Как добиться накачки ягодичных мышц? Что ж, вам придется выяснить это сами. Разные методы лучше подходят для разных людей. Однако я могу предложить вам несколько вариантов.
В ЭТОЙ статье я перечислил Эндрю, Джоуи, Сэмми, Диану и мои любимые методы сжигания / накачки ягодиц.ЗДЕСЬ и ЗДЕСЬ есть два видео, которые демонстрируют некоторые хорошие методы. Однако эти методы требуют оборудования.
Много раз вы будете отсутствовать, и вам нужно будет достичь быстрой накачки ягодичных мышц с небольшим оборудованием или без него.
Только что приехали на пляж?
#beachbootyglutepump
Только что приехали на фотосессию?
#prephotoglutepump
За кулисами конкурса бикини?
#backstageglutepump
Подъехали к вечеринке?
#prepartyglutepump
Следовательно, вам нужно знать, как накачивать ягодицы только с собственным весом или бандажами (или чем угодно, что у вас есть в транспортном средстве или сумочке).
Одна вещь, которую очень важно понимать в тренировке с накачкой, заключается в том, что — это не конкретное количество подходов и повторений (и периодов отдыха). Просто поиграйте и получите насос.
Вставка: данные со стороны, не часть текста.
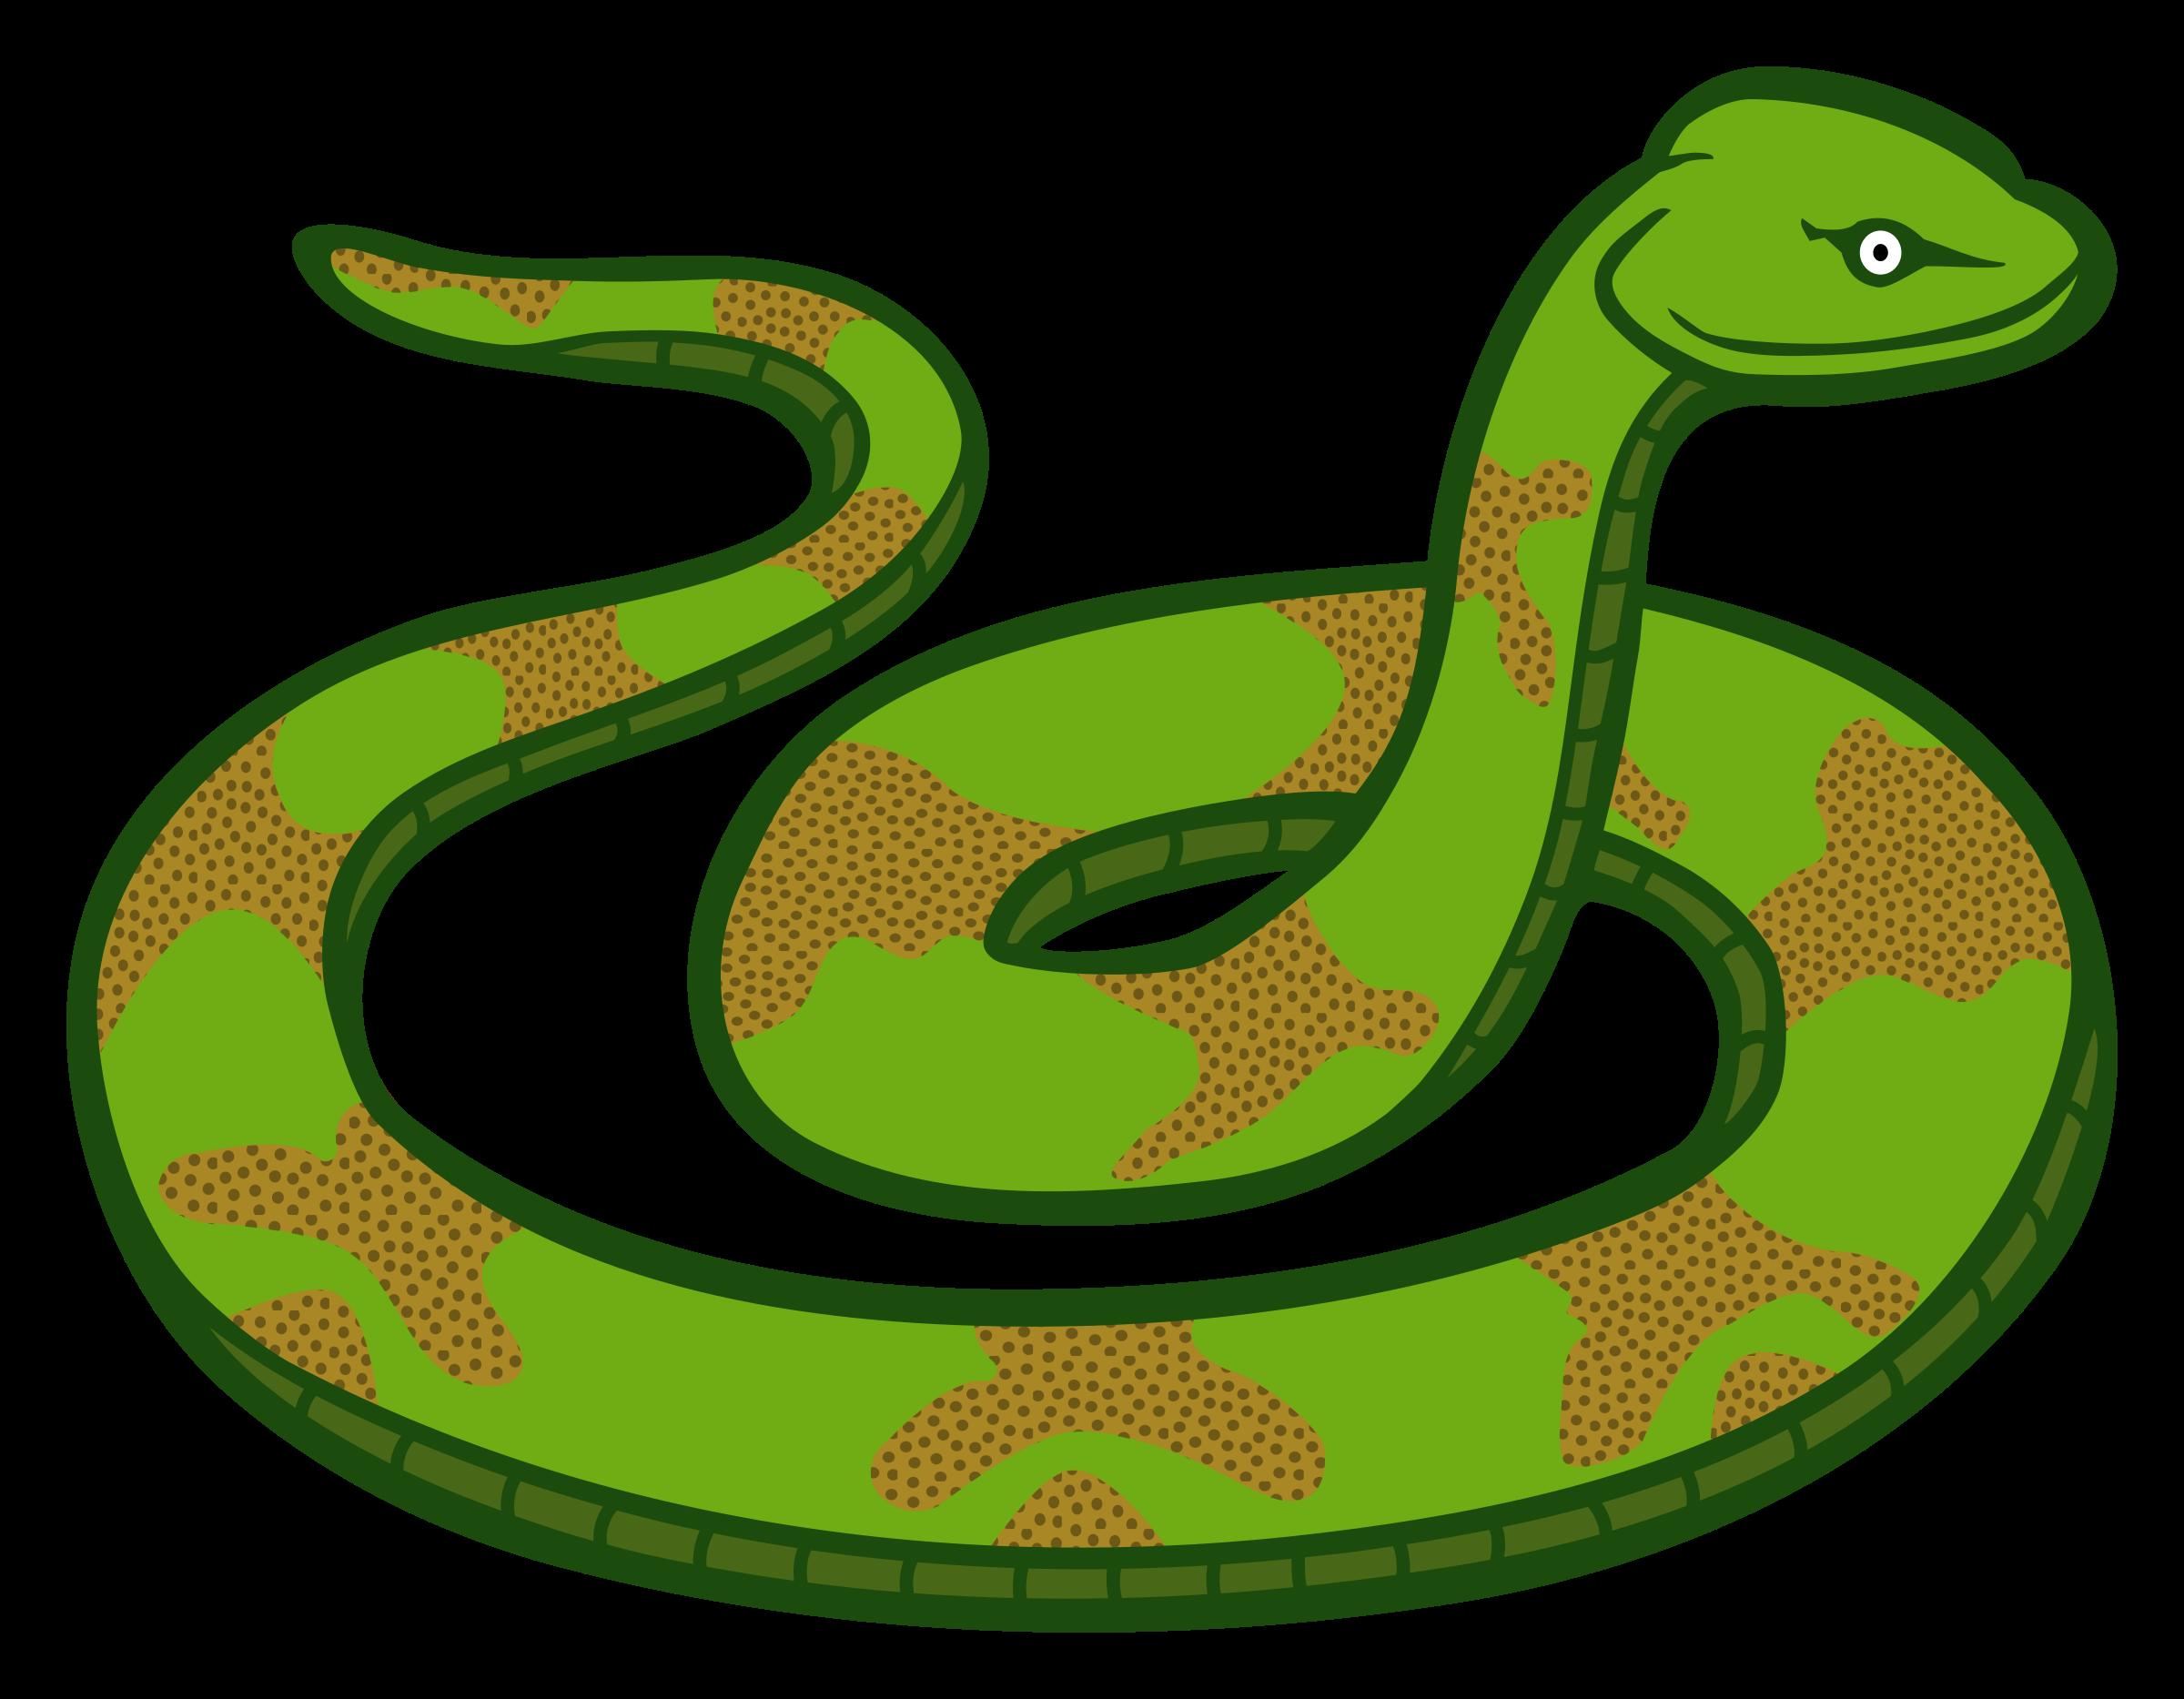 Transparent snake clipart 2 - Snake Clip Art

Многие методы могут работать, но лучший метод для вас, вероятно, отличается от лучшего метода для меня.
Ниже приведены некоторые идеи:
1. Тяга бедер с собственным весом — может быть, 3 подхода по 20 повторений с 60-секундным отдыхом между подходами, с упором на сжатие ягодиц в конечном диапазоне, или 2 подхода по 30 повторений, или 5 подходов по 15 повторений с отдыхом 40 секунд.
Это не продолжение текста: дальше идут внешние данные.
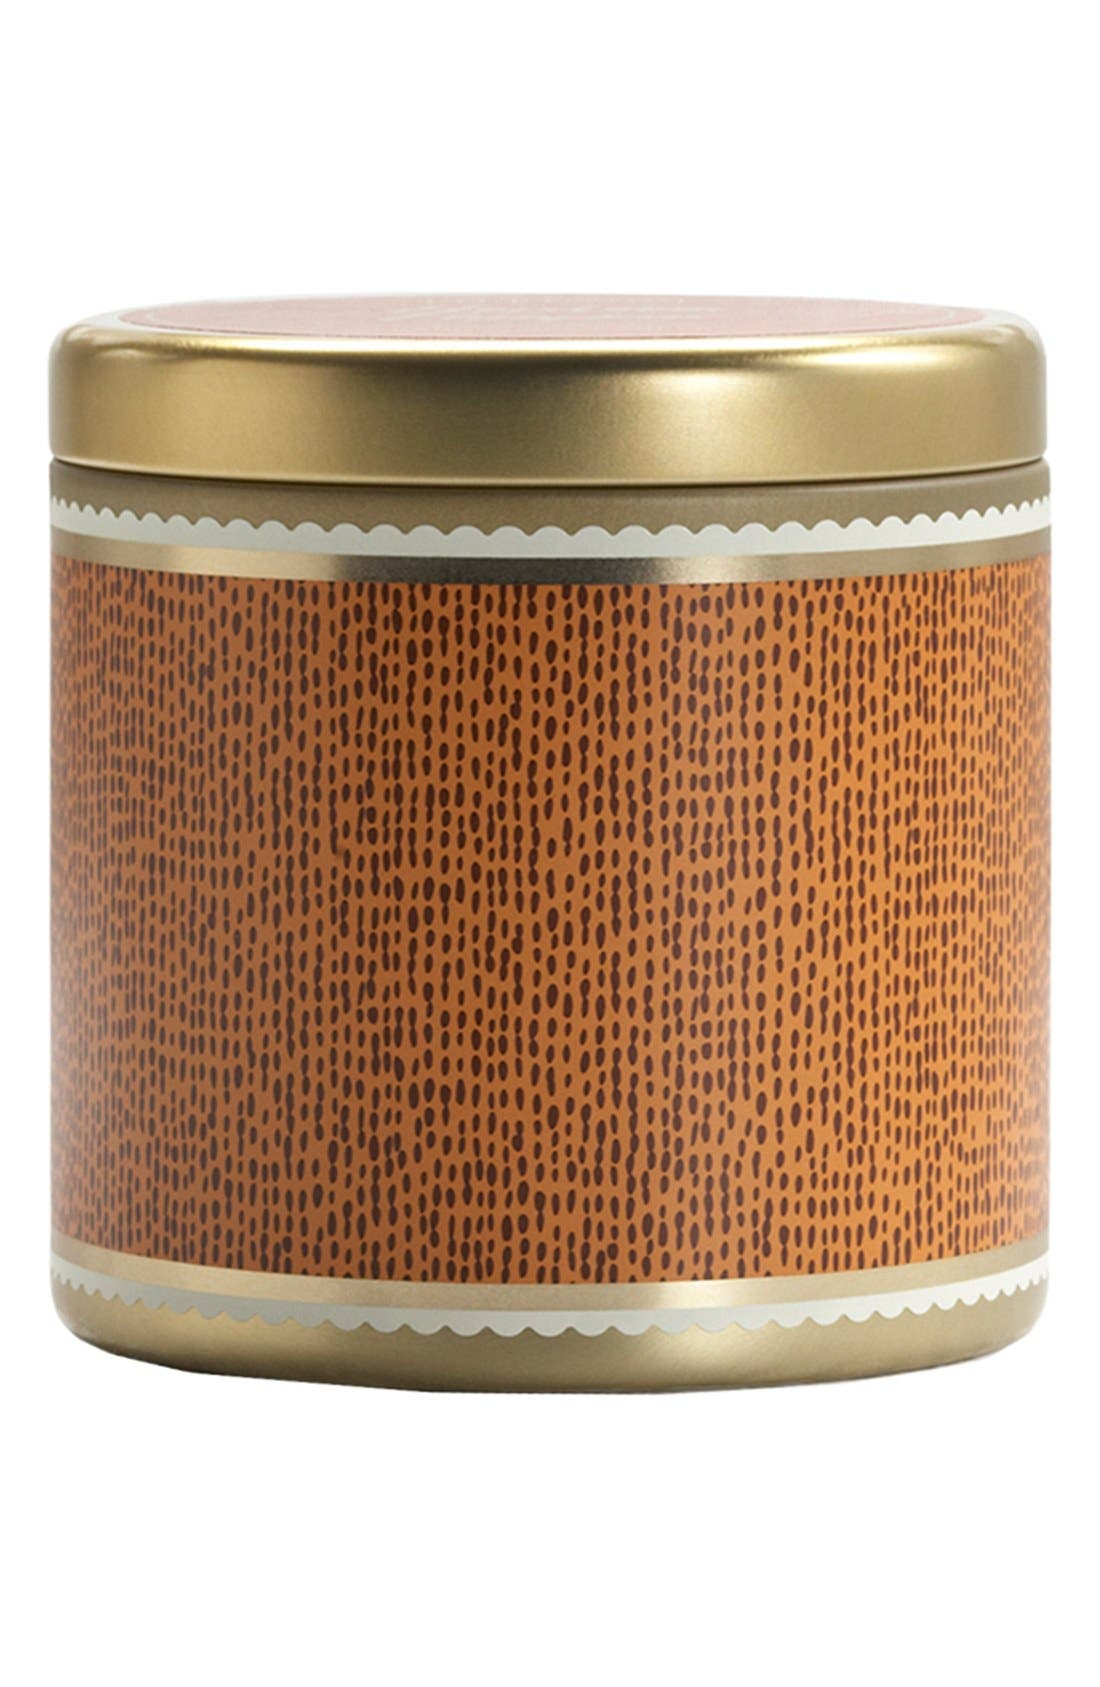 Main Image - ILLUME CANDLES Heirloom Pumpkin Tin - Large' Candle

2. Становая тяга с лентами — возможно 3-5 подходов по 10-20 повторений с 40-секундным отдыхом между подходами
3. Контракт и растяжка — сжимайте ягодицы как можно сильнее в течение 5 секунд, отдыхайте 5 секунд, повторите пять раз. Затем на минуту растяните ягодицы. Затем снова выполните последовательность сокращений, возможно, стоя на одной ноге. Повторите то же самое с другой ногой. Затем потянитесь. Делайте это время от времени около десяти минут.
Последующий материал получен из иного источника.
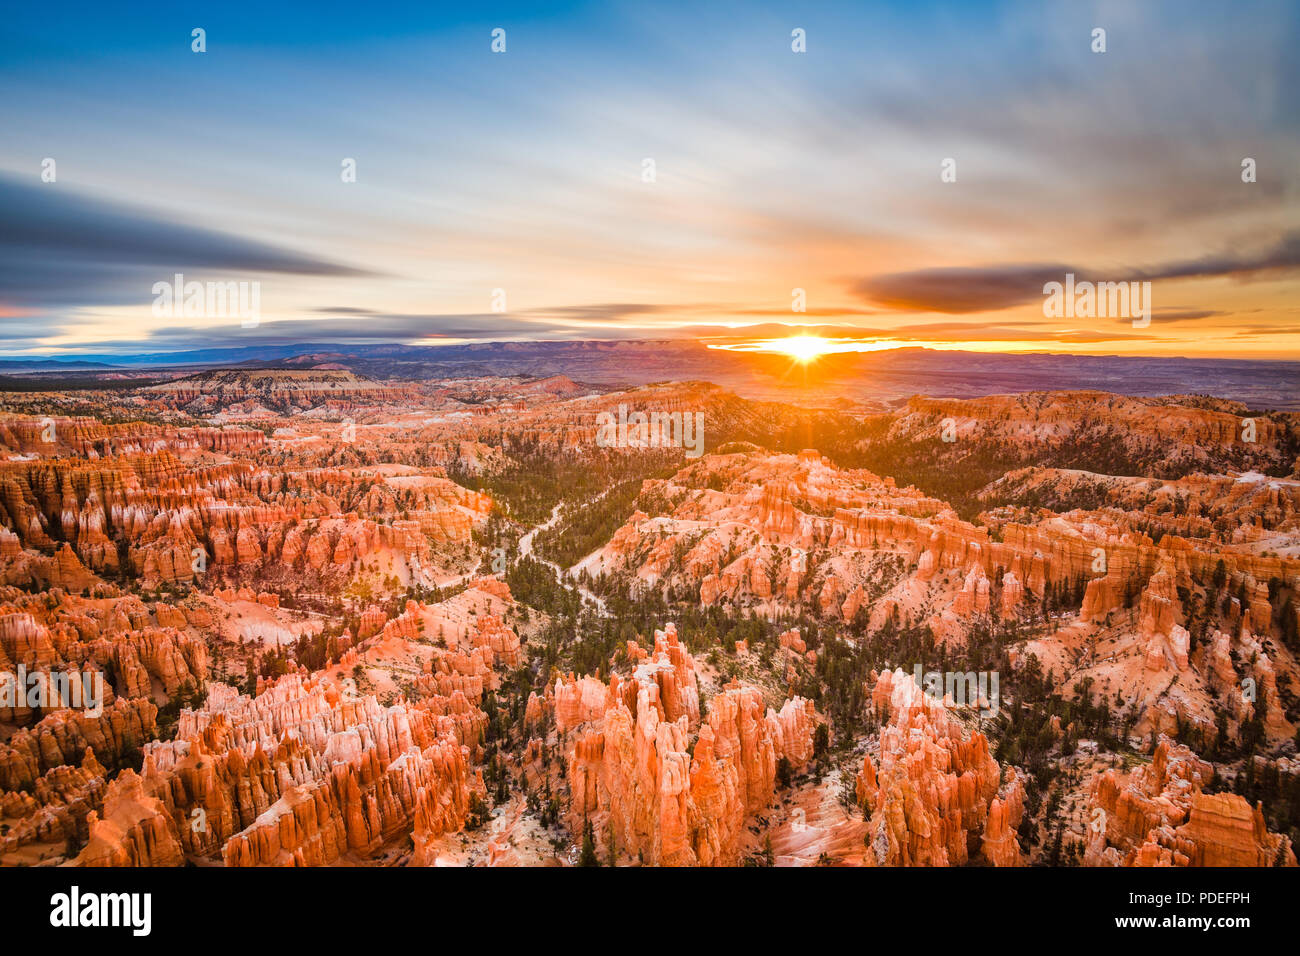 Bryce Canyon National Park, Utah, EE.UU. al amanecer. Imagen De Stock

4. Наденьте свою Джейн Фонда — спуститесь на пол и проделайте кучу полов.Четвероногие разгибания бедер, четвероногие пожарные гидранты, собачки, ягодичные мосты, круги на четвероногих бедрах. 5-10 минут должно хватить.
5. Трисет из планок RKC, приседаний с кубком и махов КБ — это удобно, если у вас есть гиря в машине — выполните 10-секундную планку РКК, затем 10 приседаний с кубком, а затем махи 10-20 КБ. Отдохните 60 секунд и повторите 3 подхода.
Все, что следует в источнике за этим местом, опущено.